The Untold Assistant currently handles up to 120 queries per day, with about 10–20% of them calling additional tools, like image generation or knowledge base search. Especially for new users who aren’t too familiar with internal workflows and applications yet, it can save a lot of time. Instead of searching in several different Confluence spaces and Slack channels or reaching out to the technology team, they can just ask the Untold Assistant, which acts as a virtual member of the support team. This can cut down the time from minutes to only a few seconds.

Overall, the Untold Assistant, rapidly developed and deployed using AWS services, has delivered several benefits:

• Enhanced discoverability and usage of previously underutilized internal resources
• Significant reduction in time spent searching for information
• Streamlined access to multiple internal systems with an authorization system from a central entry point
• Reduced load on the support and technology team
• Increased speed of adoption of new technologies by providing a framework for user interaction

Building on this success, we’re expanding functionality through additional function calls. A key planned feature is render job error analysis for artists. This tool will automatically fetch logs from recent renders, analyze potential errors using the capabilities of Anthropic’s Claude, and provide users with explanations and solutions by using both internet resources and our internal knowledge base of known errors.

Additionally, we plan to analyze the saved queries using Amazon Titan Text Embeddings and agglomerative clustering to identify semantically similar questions. When the cluster frequency exceeds our defined threshold (for example, more than 10 similar questions from different users within a week), we enhance our knowledge base or update onboarding materials to address these common queries proactively, reducing repetitive questions and improving the assistant’s efficiency.
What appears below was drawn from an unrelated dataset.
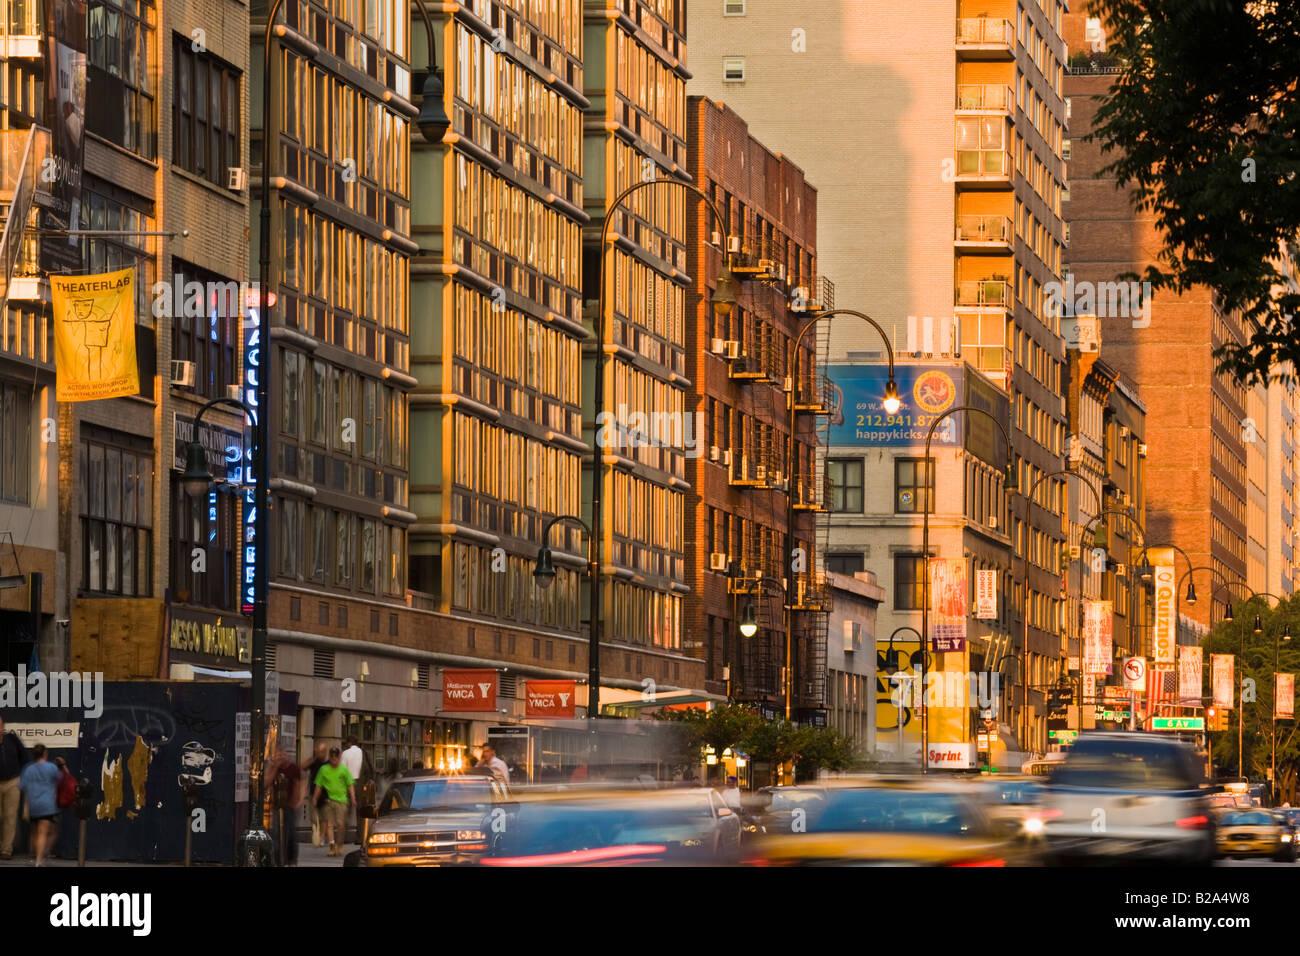 Fourteenth Street near Sixth Avenue New York City - Stock Image

These initial usage metrics and the planned technical improvements demonstrate the system’s positive impact on our workflows. By automating common support tasks and continuously improving our knowledge base through data-driven analysis, we reduce the technology team’s support load while maintaining high-quality assistance. The modular architecture allows us to quickly integrate new tools as needs arise, to keep up with the astonishing pace of the progress made in AI and ML.

Conclusion

The Untold Assistant demonstrates how Amazon Bedrock enables rapid development of sophisticated AI applications without compromising security or control. Using function calling and pre-built connectors in Amazon Bedrock eliminated the need for complex vector store integrations and custom embedding pipelines, reducing our development time from months to weeks. The modular architecture using Python classes for tools makes the system highly maintainable and extensible.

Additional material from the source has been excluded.